By and by I will gladly go with you over your vast material.
Did you not some time ago tell me that you considered the Y-shaped bone (so-called presphenoid) in the Pike to be the true basisphenoid? If so, let me know before lecture to-morrow, that I may not commit theft unawares.
I have arrived at that conclusion myself from the anatomical relations of the bone in question to the brain and nerves.

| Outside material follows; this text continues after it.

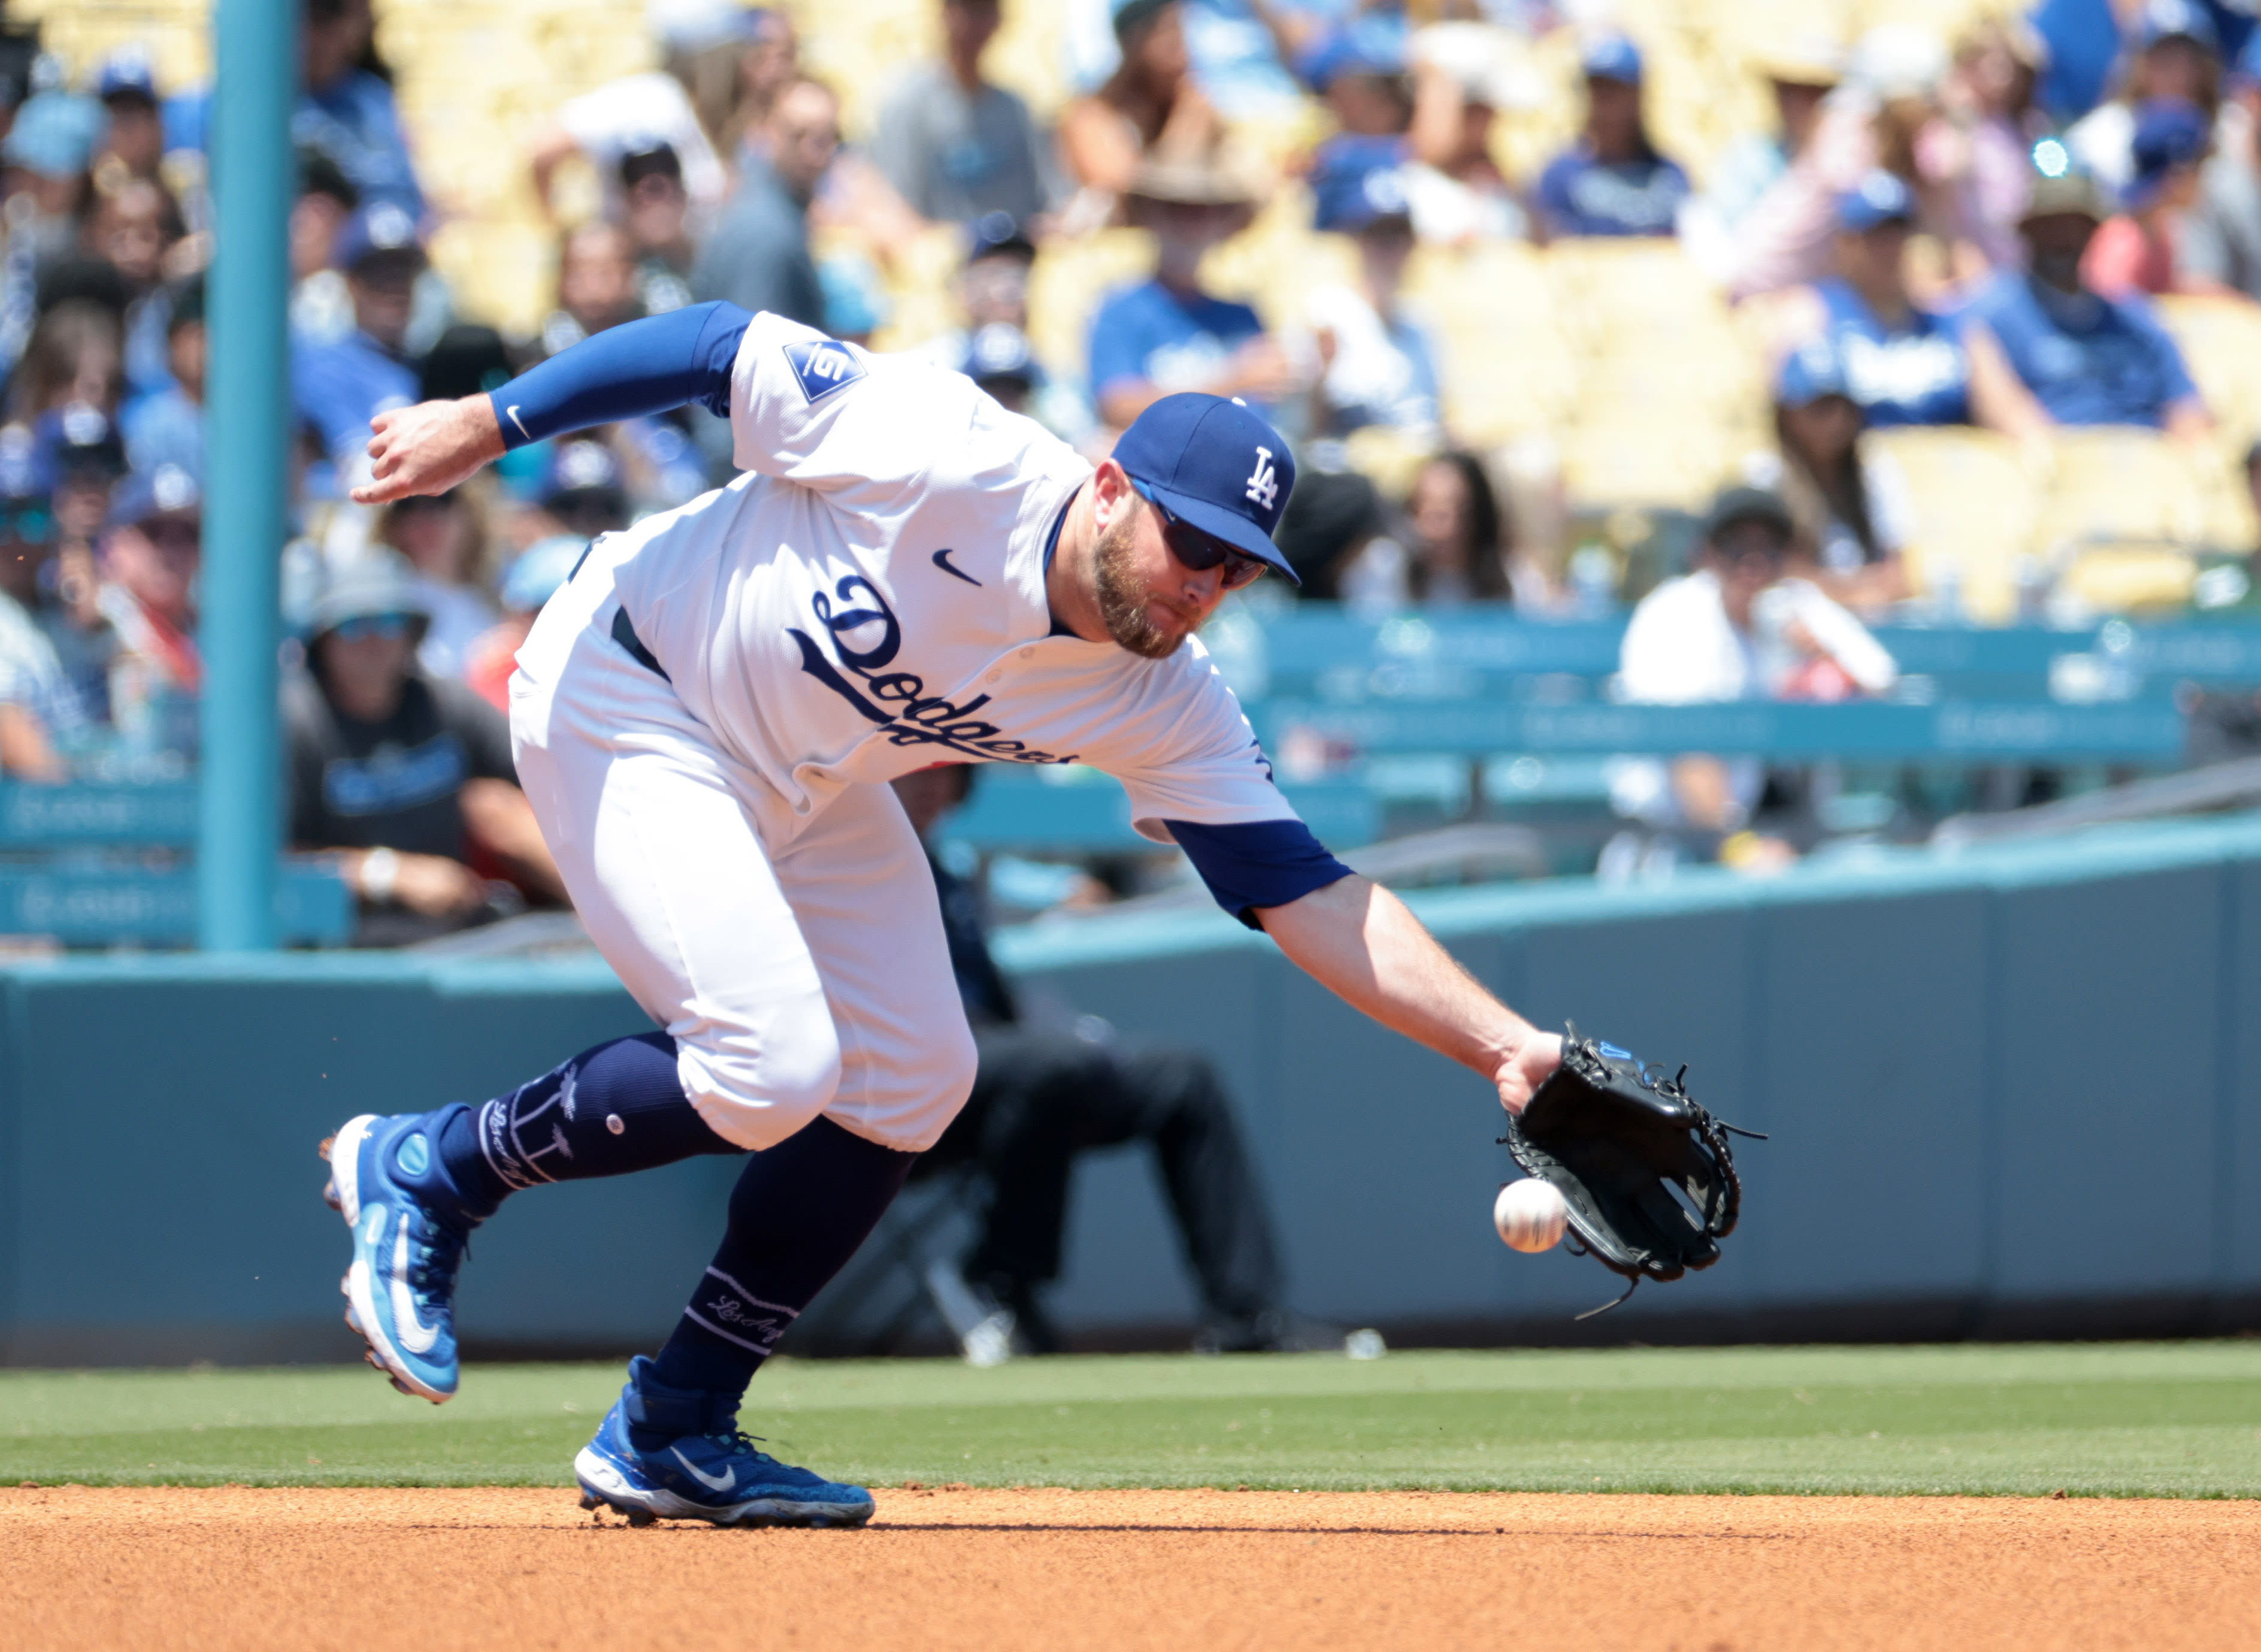 'He’s on a mission': How Max Muncy quelled concerns about his defense at third base

I look upon the proposition opisthotis = turtle's "occipital externe" = Perch's Rocher (Cuvier) as the one thing needful to clear up the unity of structure of the bony cranium; and it shall be counted unto me as a great sin if I have helped to keep you back from it. The thing has been dawning upon me ever since I read Kolliker's book two summers ago, but I have never had time to work it out.
Ever yours faithfully,
T.H. Huxley.
[The following extracts from a letter to Hooker and a letter to Darwin describe the pressure of his work at this time.]
1863.
My dear Hooker,
…I would willingly send a paper to the Linnean this year if I could, but I do not see how it is practicable. I lecture five times a week from now till the middle of February. I then have to give eighteen lectures at the College of Surgeons—six on classification, and twelve on the vertebrate skeleton. I might write a paper on this new Glyptodon, with some eighteen to twenty plates. A preliminary notice has already gone to the Royal Society. I have a decade of fossil fish in progress; a fellow in the country WILL keep on sending me splendid new Labyrinthodonts from the coal, and that d—d manual must come out.